You are given an array $a$ consisting of $n$ elements. The imbalance value of some subsegment of this array is the difference between the maximum and minimum element from this segment. The imbalance value of the array is the sum of imbalance values of all subsegments of this array.
For example, the imbalance value of array $[1, 4, 1]$ is $9$, because there are $6$ different subsegments of this array:

• $[1]$ (from index $1$ to index $1$), imbalance value is $0$;
• $[1, 4]$ (from index $1$ to index $2$), imbalance value is $3$;
• $[1, 4, 1]$ (from index $1$ to index $3$), imbalance value is $3$;
• $[4]$ (from index $2$ to index $2$), imbalance value is $0$;
• $[4, 1]$ (from index $2$ to index $3$), imbalance value is $3$;
• $[1]$ (from index $3$ to index $3$), imbalance value is $0$.

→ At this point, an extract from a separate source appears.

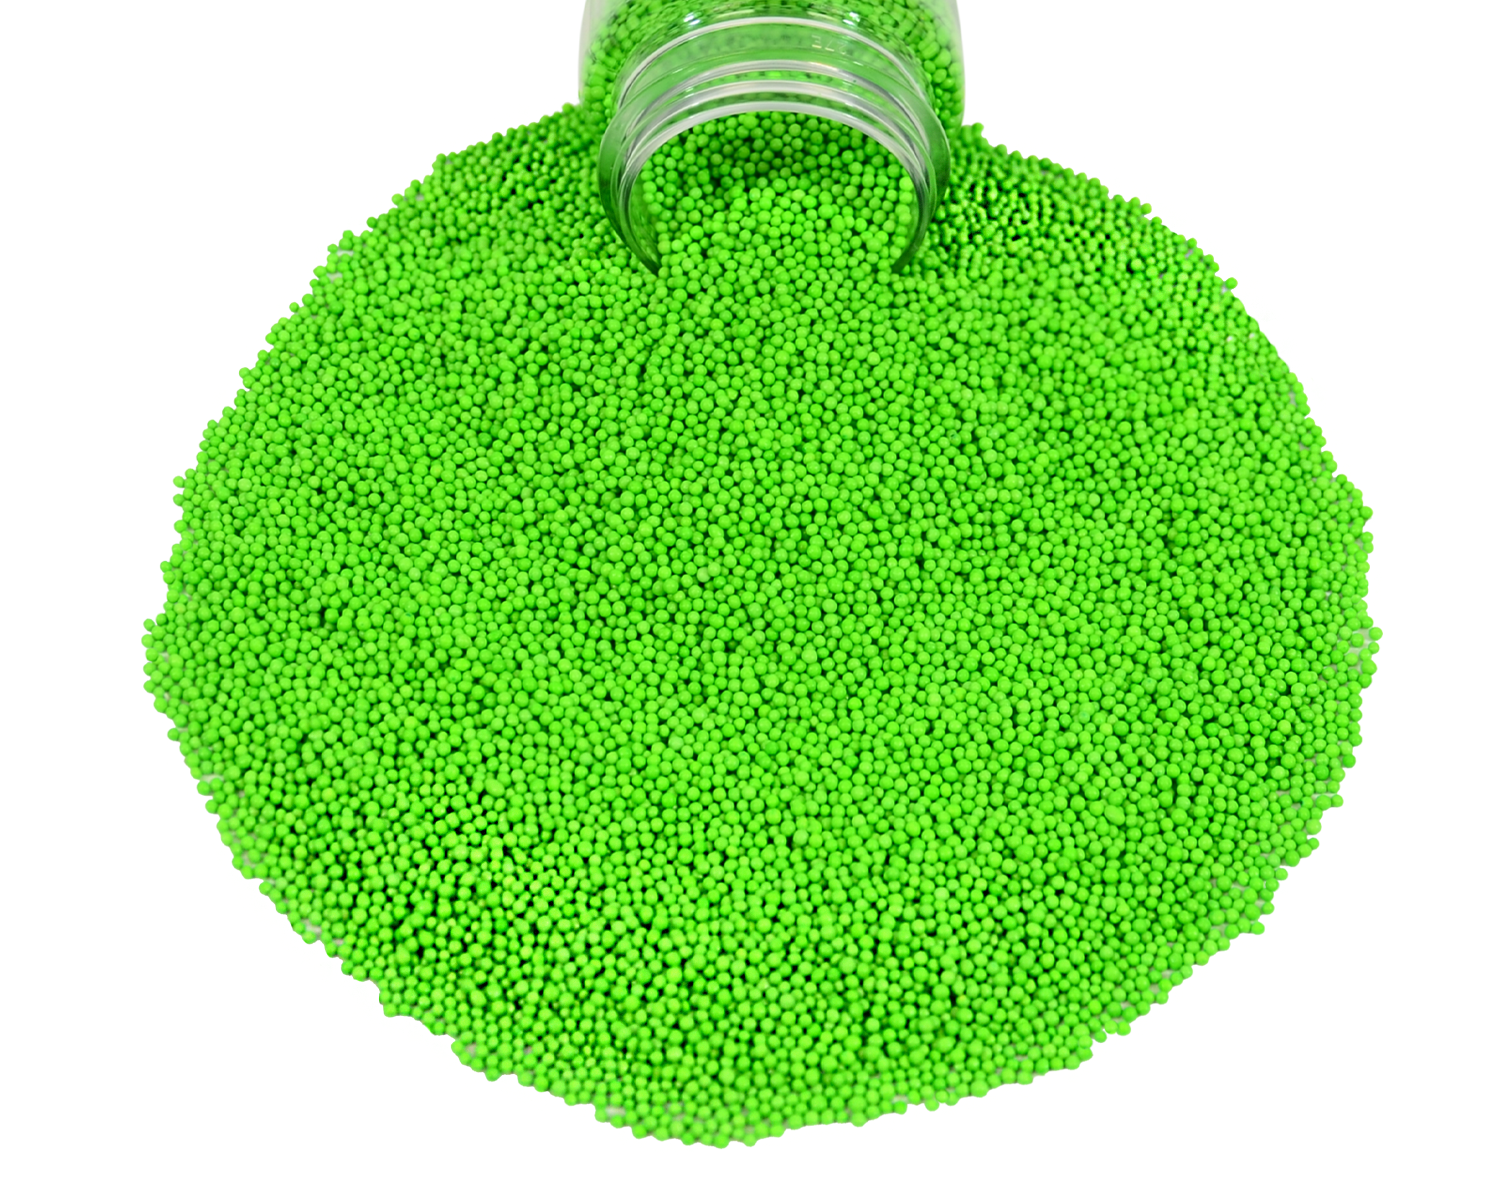 Mystic Sprinkles Luscious Lime Green Nonpareils 3.8 Ounce Bottle - image 4 of 4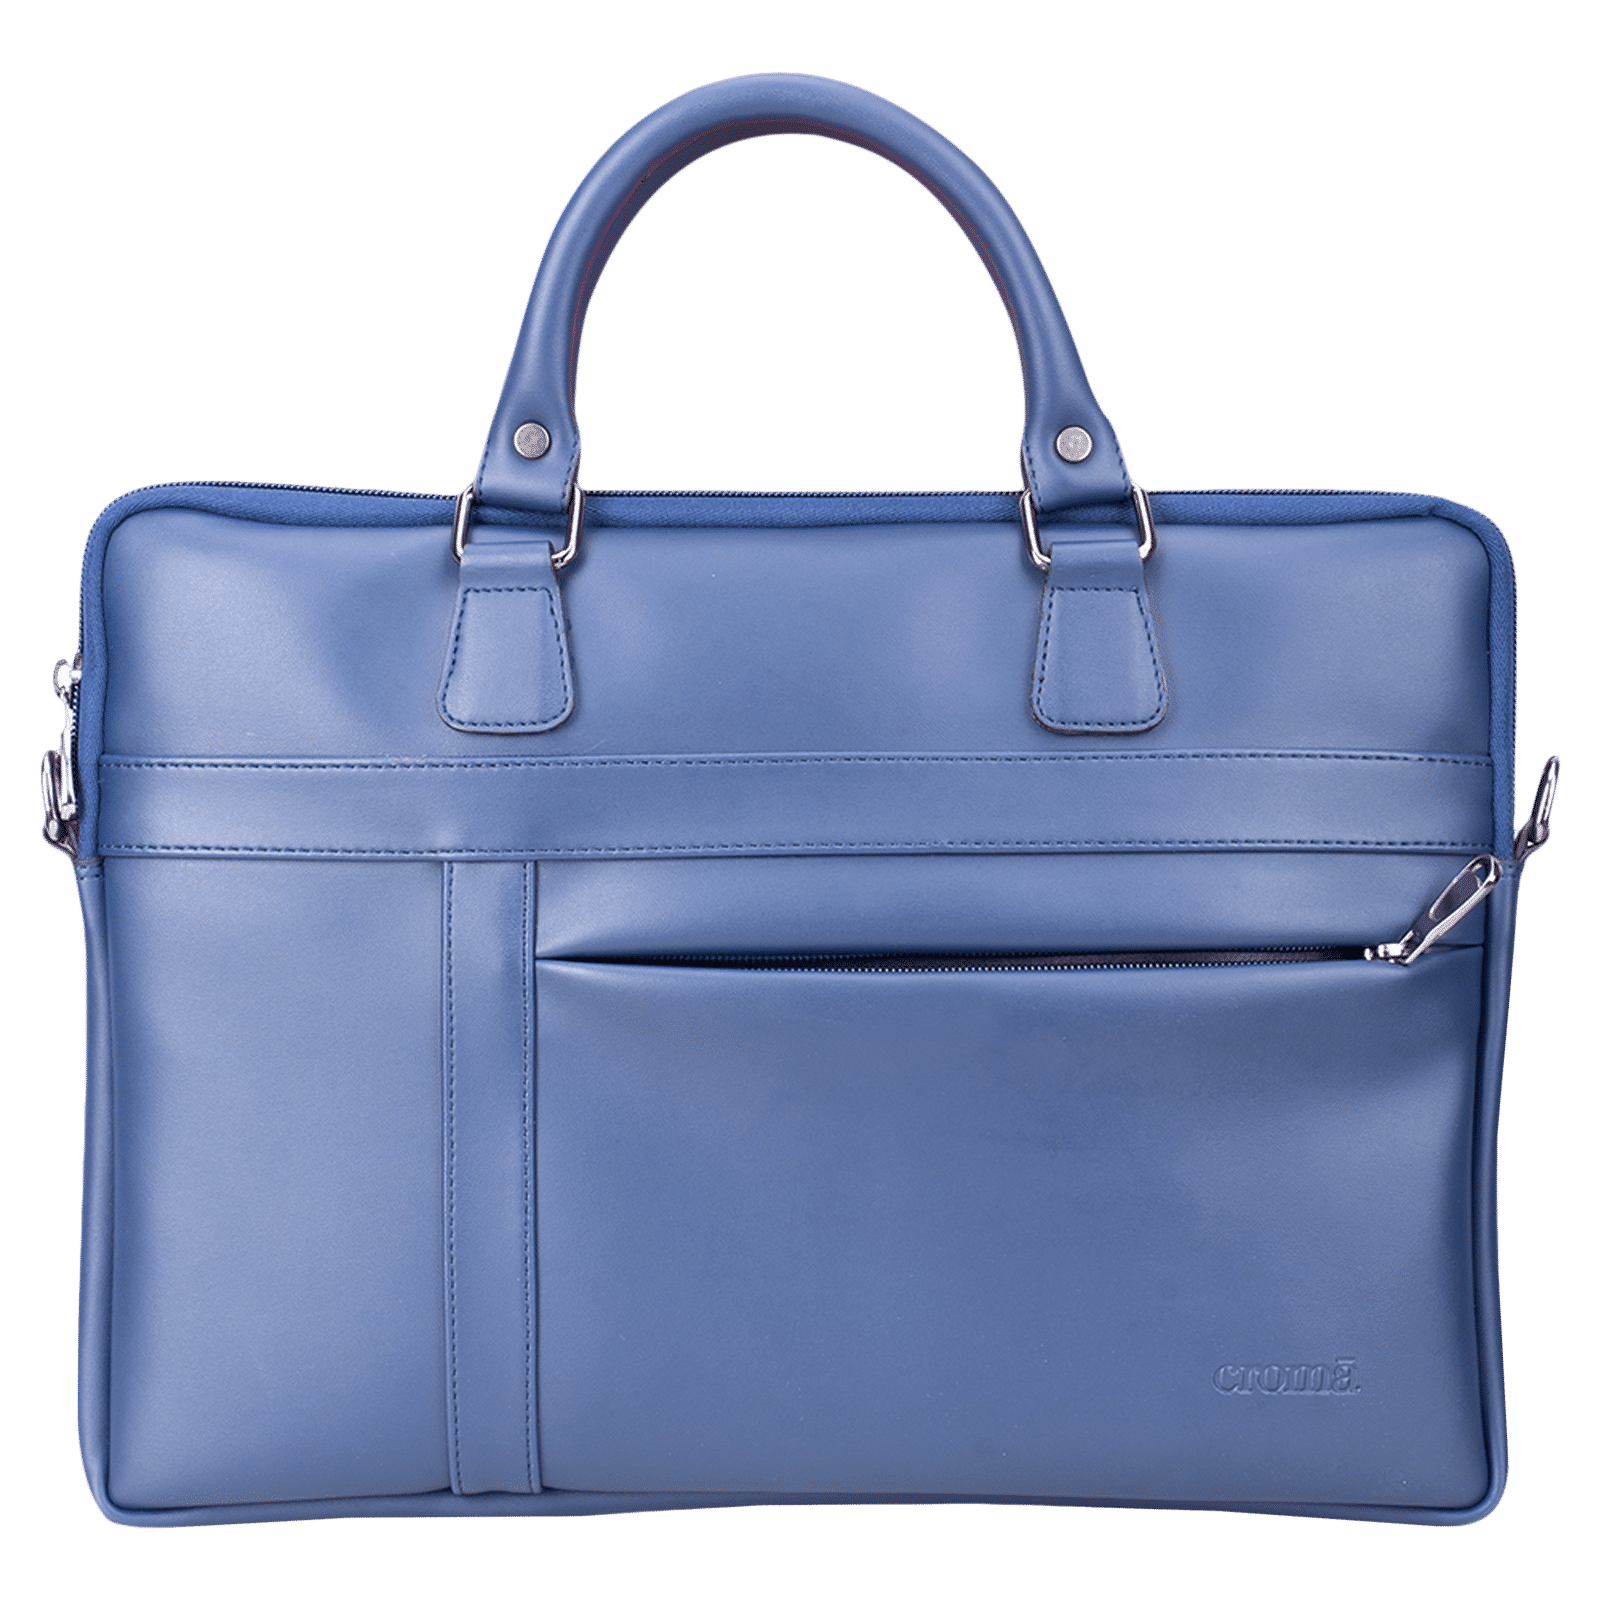 Laptop Bags - Buy Laptop Backpack Online at Best Prices in India| Croma

You have to determine the imbalance value of the array $a$.

题意概述

$$\sum_{1 \le i \le j \le n} (max_{i, j}-min_{i, j})$$

代码1

#include <iostream>
#include <algorithm>
#include <cstring>
using namespace std;
struct number {
long long num, id, rec;
} a[1000001];
bool cmp(number a, number b) {return a.num < b.num;}
long long n, fa[1000002], s[1000002], ans;
int get_fa(long long t) {
return t == fa[t] || fa[t] == 0 ? fa[t] : fa[t] = get_fa(fa[t]);
}
void process(int t) {
int i, j;
if (t == 1) i = 1, j = n + 1;
else i = n, j = 0;
for (; i != j; i += t) {
fa[a[i].id] = a[i].id;
s[a[i].id] = 1;
long long p = get_fa(a[i].id - 1), q = get_fa(a[i].id + 1);
a[i].rec = (s[p] + 1) * (s[q] + 1);
if (s[p]) {
s[p] += s[get_fa(a[i].id)];
fa[get_fa(a[i].id)] = p;
}
if (s[q]) {
s[q] += s[get_fa(a[i].id)];
fa[get_fa(a[i].id)] = q;
}
}
}
int main()
{
cin >> n;
for (int i = 1; i <= n; ++i) {
cin >> a[i].num;
a[i].id = i;
}
sort(a + 1, a + n + 1, cmp);
process(1);
for (int i = 1; i <= n; ++i) {
ans += a[i].num * a[i].rec;
}
memset(fa, 0, sizeof(fa));
memset(s, 0, sizeof(s));
process(-1);
for (int i = 1; i <= n; ++i) {
ans -= a[i].num * a[i].rec;
}
cout << ans << endl;
return 0;
}


代码2

#include <iostream>
using namespace std;
long long n, a[1000001], l[1000001], r[1000001], ans;
void process(int t) {
for (int i = 1; i <= n; ++i) {
l[i] = r[i] = i;
}
for (int i = 2; i <= n; ++i) {
int now = i;
while (now > 1 && a[i] * t >= a[now - 1] * t) now = l[now - 1];
l[i] = now;
}
for (int i = n - 1; i; --i) {
int now = i;
while (now < n && a[i] * t > a[now + 1] * t) now = r[now + 1];
r[i] = now;
}
}
int main()
{
cin >> n;
for (int i = 1; i <= n; ++i) {
cin >> a[i];
}
process(1);
for (int i = 1; i <= n; ++i) {
ans += a[i] * (i - l[i] + 1) * (r[i] - i + 1);
}
process(-1);
for (int i = 1; i <= n; ++i) {
ans -= a[i] * (i - l[i] + 1) * (r[i] - i + 1);
}
cout << ans << endl;
return 0;
}